*Work required*
Leave out any pictures and transcribe all other data below exactly.

*Data*
▼

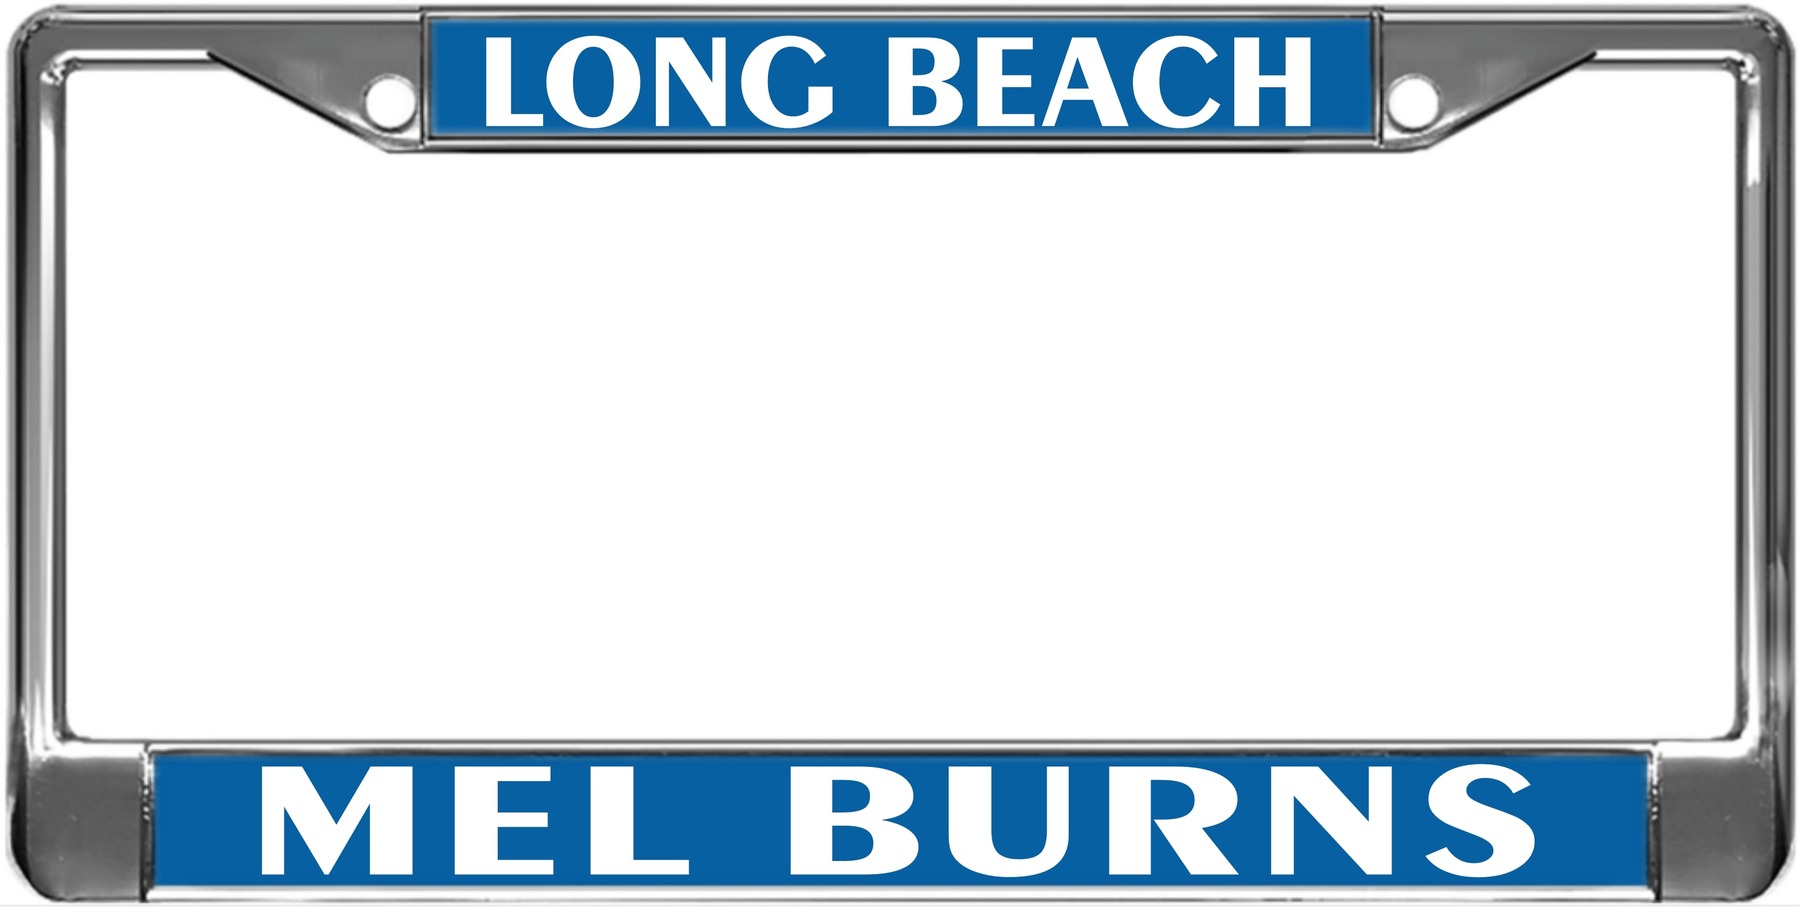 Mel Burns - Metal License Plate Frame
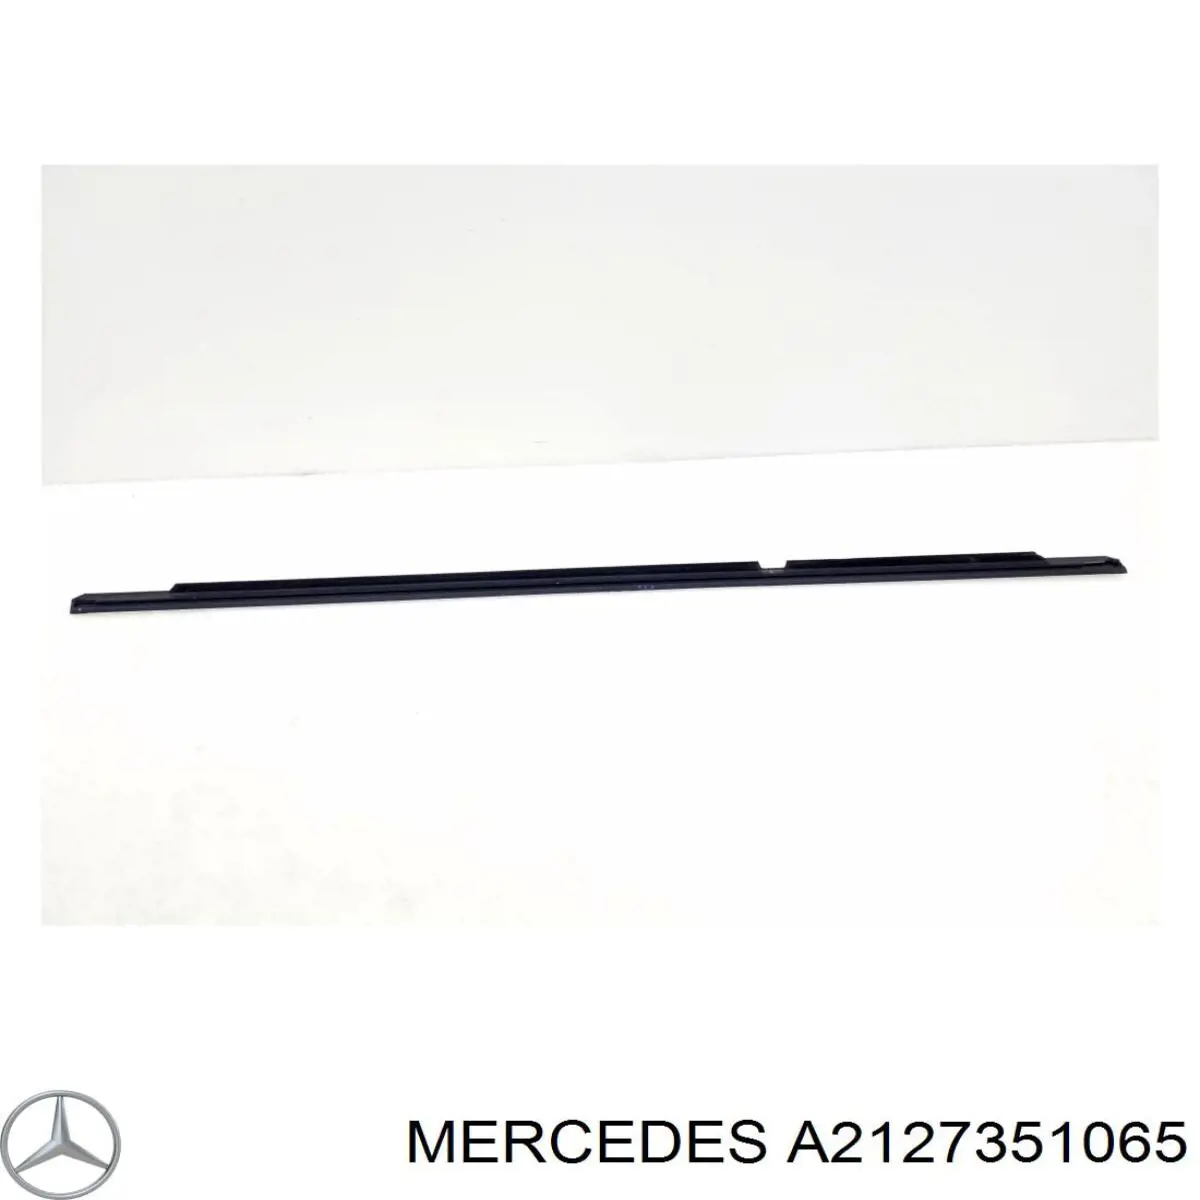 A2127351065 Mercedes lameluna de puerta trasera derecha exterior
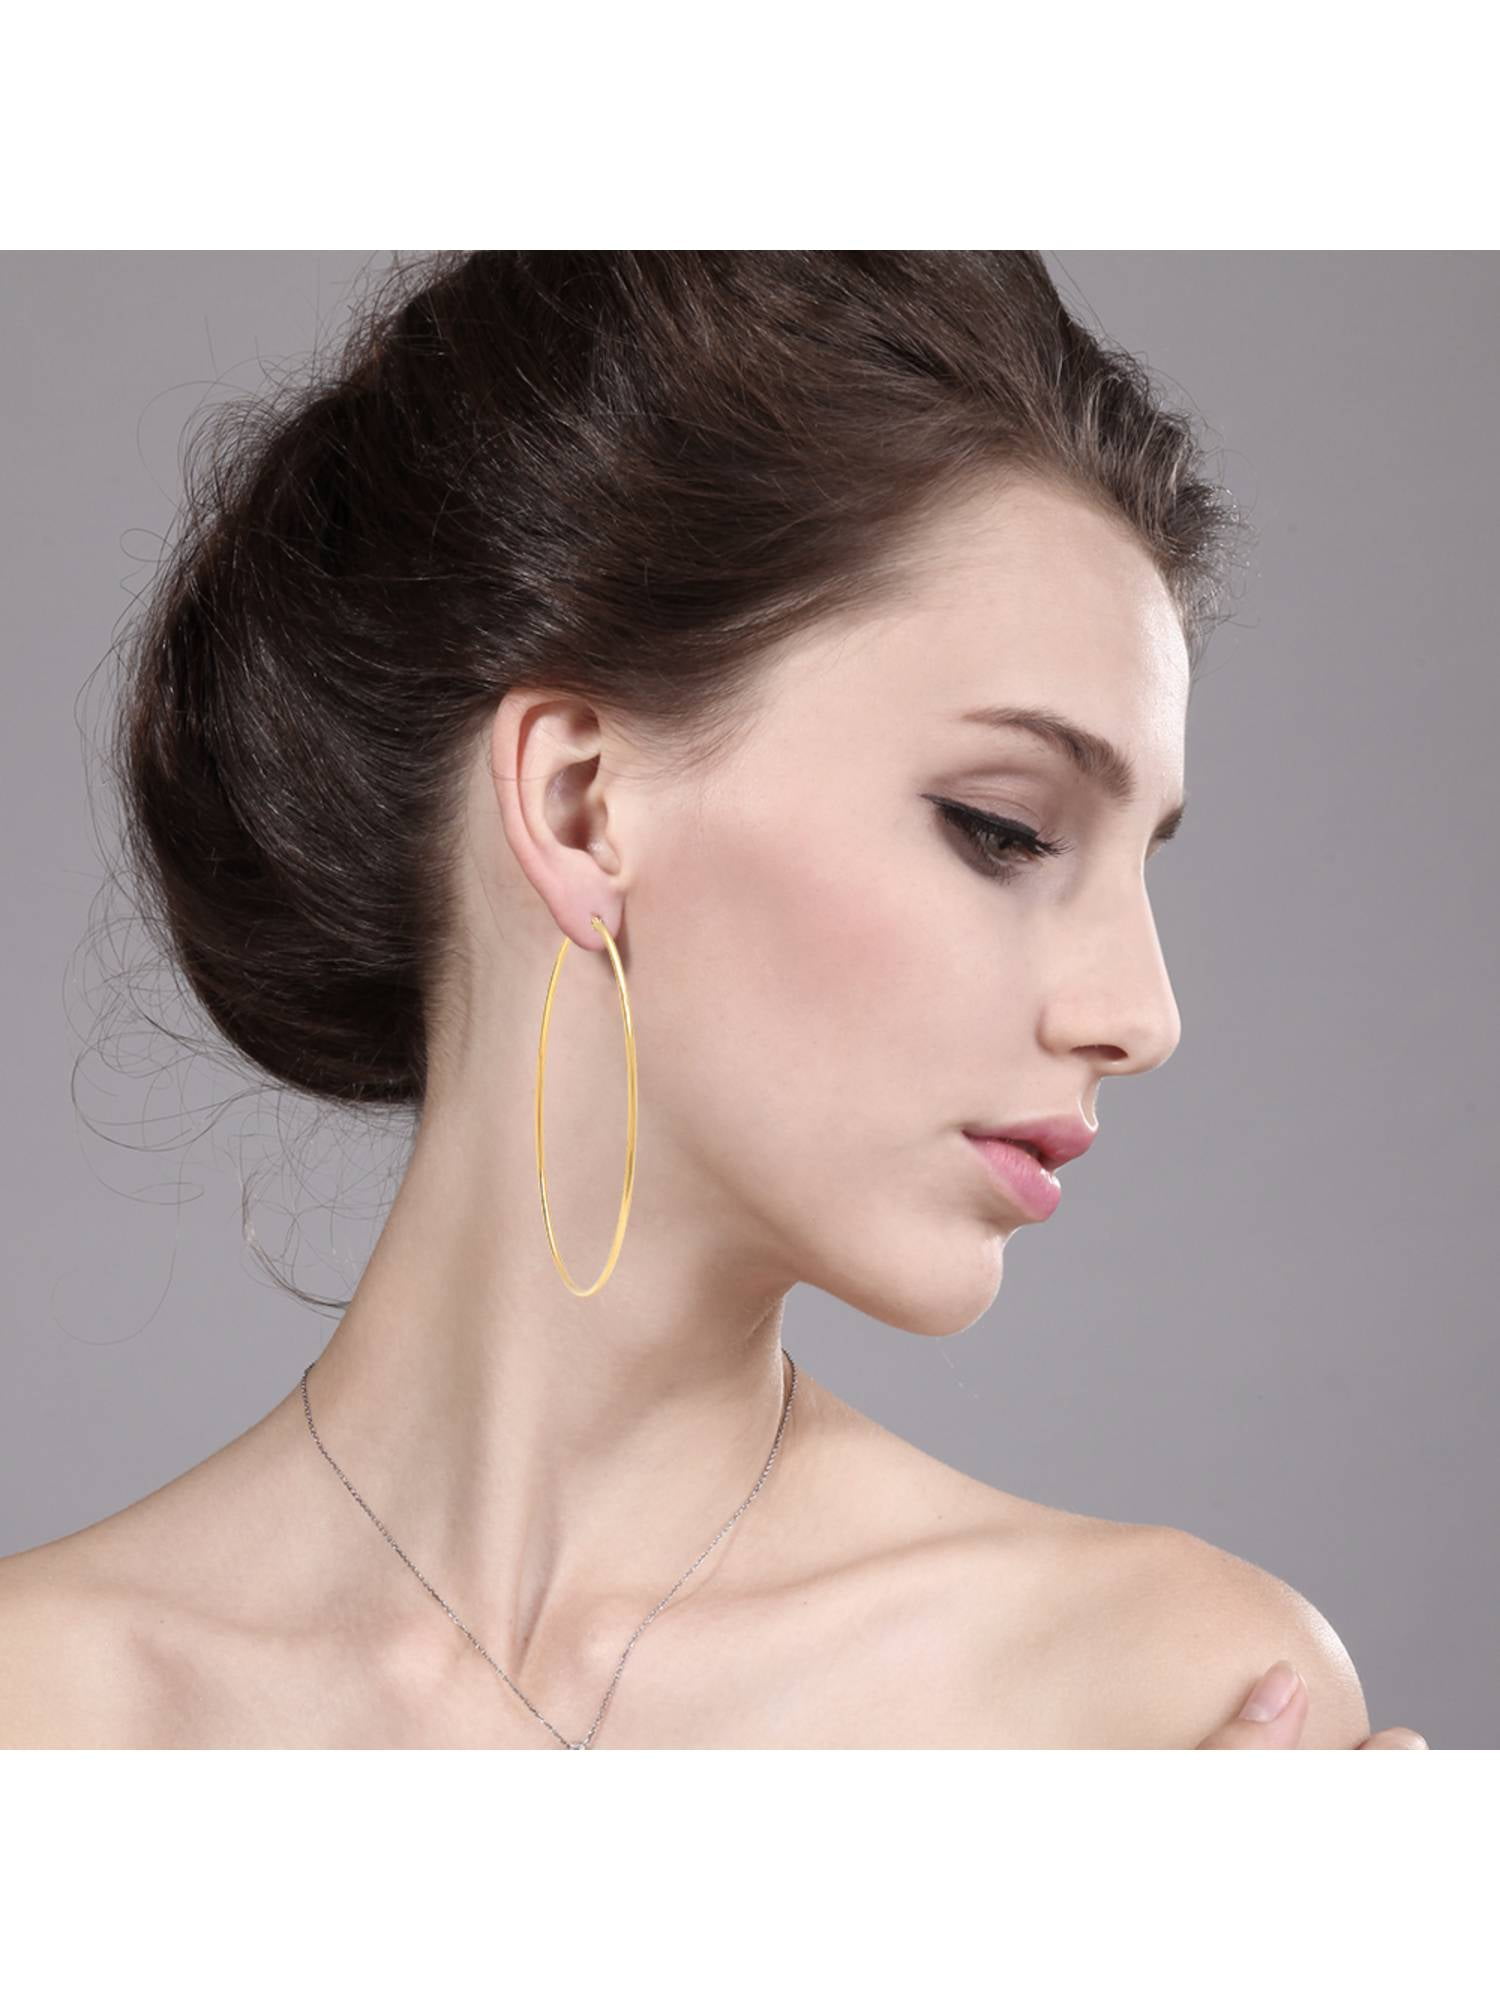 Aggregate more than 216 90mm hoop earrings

▲

*Task answer*
 Mel Burns - Metal License Plate Frame
 A2127351065 Mercedes lameluna de puerta trasera derecha exterior
 Aggregate more than 216 90mm hoop earrings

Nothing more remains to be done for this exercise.